The Clinton administration's emphasis on lender compliance with fair housing laws is neither an empty campaign promise nor a spring wind that will soon diminish.

The emphasis has created a shift in congressional and public sentiment in favor of strong enforcement of existing laws and support for stronger laws in Congress that tried-and-true methods of lobbying will not deflect.

The consumer lobby, after years in the wilderness, has developed the upper hand. And, like other groups that have operated On the fringes, it has learned its lessons well, getting to know the right people as well as how the levers of power operate.

Of greater concern to mortgage lenders. these diverse groups have developed a united strategy that is using Clinton administration advocates of fair lending, such as new comptroller of the Currency Eugene A. Ludwig, as a lever to force more conservative agencies, such as the Federal Reserve Board and the Federal Deposit Insurance Corp., to get on the bandwagon. The Federal Trade Commission and the Department of Justice, both of which have compliance with fair lending laws as a responsibility, are also likely to be prodded to get more involved.

Moreover, the question is being raised as to whether emphasis on fair lending will take away from the primary role of regulators, supervising institutions and facilitating profitability.

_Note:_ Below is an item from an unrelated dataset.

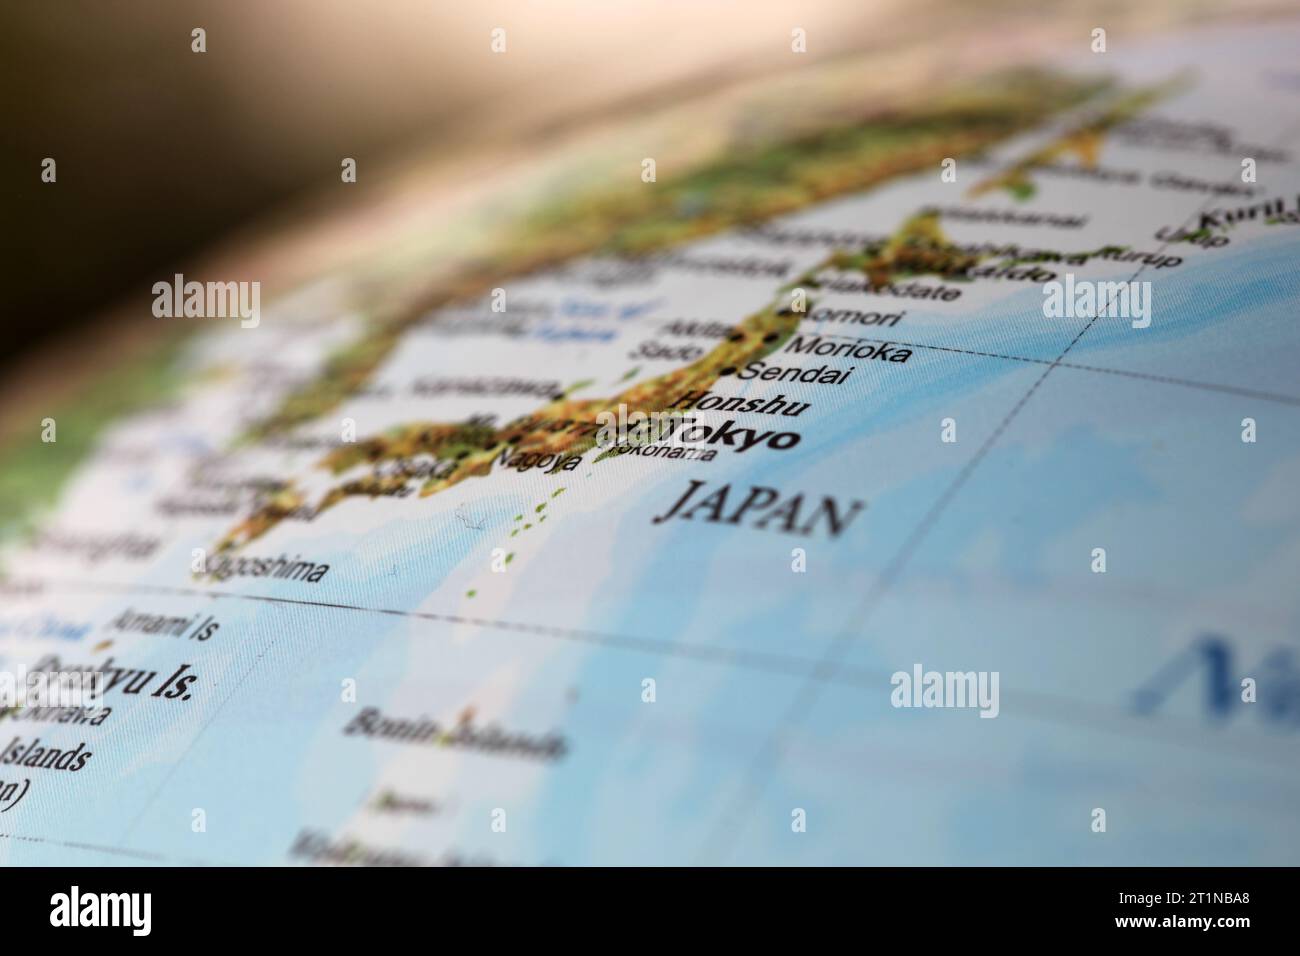 Tokyo Japan on a world globe. Deliberate Shallow depth of field Stock Photo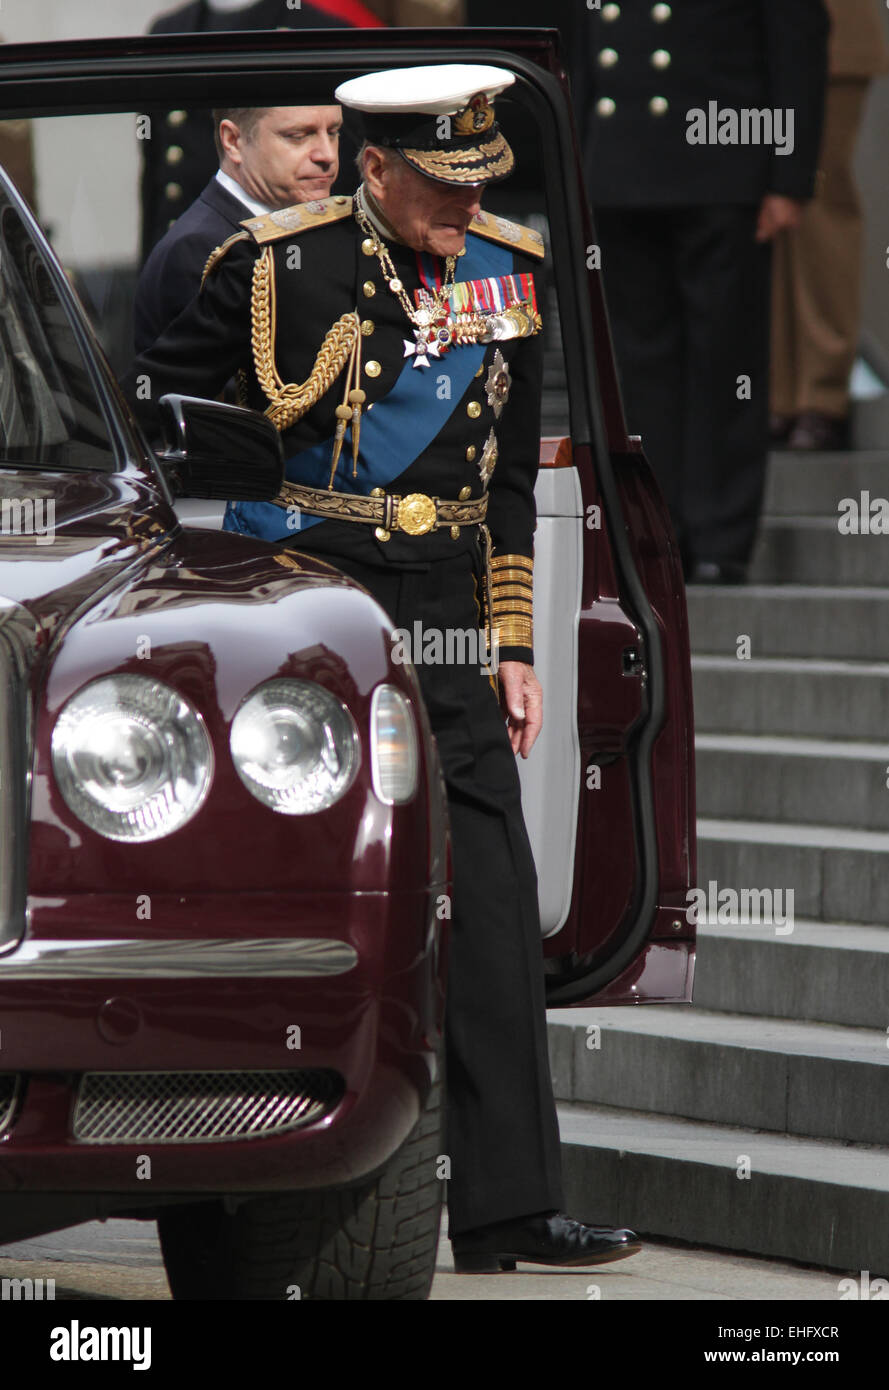 London, UK. 13th March, 2015. Prince Philip, Duke of Edinburgh and Queen Elizabeth II attend a Service of Commemoration for troops who were stationed in Afghanistan at St Paul's Cathedral Credit:  Simon James/Alamy Live News Stock Photo

For lenders, the implications are obvious. Examinations will be pervasive and the use of "testers" to evaluate lender compliance with fair housing and credit laws, rejected by banking agencies as distasteful and to some extent unfair, will be expanded. That means that compliance with rules and laws should be a priority of management. And it also means that an institution doesn't want to be the first to be caught. Witness what happened to the Bank of Boston in the mild-1980s when compliance with money laundering laws became the priority of the U.S. government.

On Tuesday, for example, the Department of Housing and Urban Development announced that the agency and the Office of the Comptroller of the Currency were entering into a joint effort to use testers to evaluate lender compliance with fair housing and credit laws. Ludwig said Wednesday that in developing the pilot program. the two agencies would consult with HUD, community groups, bank regulators and the Department of Justice to develop an appropriate program.

Ludwig calls gaining lender compliance with fair housing and credit laws "my first goal" as comptroller, adding that Treasury Secretary Lloyd Bentsen, his boss, is "solidly behind me." Ludwig said his reasoning "is that discrimination is not only morally repugnant, it is also destructive."

He noted that the OCC has "fallen short" of its responsibility of enforcing compliance with fair housing and credit laws by banks. To improve measurement of compliance, testers will be used to determine if loan applicants get equal treatment. Bank examiners, armed with new guidelines, will scrutinize bank and bank subsidiary records, Ludwig said.

At the same time, new measurements are being developed.

Ludwig said OCC officials are developing a statistical model to help examiners measure bank and bank subsidiary compliance. The model will be used to assist the agency in identifying the bank loan files examiners should look at to ensure compliance; to assist the agency in targeting banks for fair housing and credit examinations; and to assist the agency in finding institutions that are giving disparate treatment to customers based on race, gender or other factors.

He called the HUD-OCC pilot program on testing "the perfect combination of interest and expertise," and said the agencies will share techniques, data and other information to ensure compliance.

The fact that the Senate Banking Committee and a subcommittee of the House Banking Committee were simultaneously holding hearings Wednesday on legislative proposals on different aspects of mortgage lending was not coincidental but illustrative of the new environment.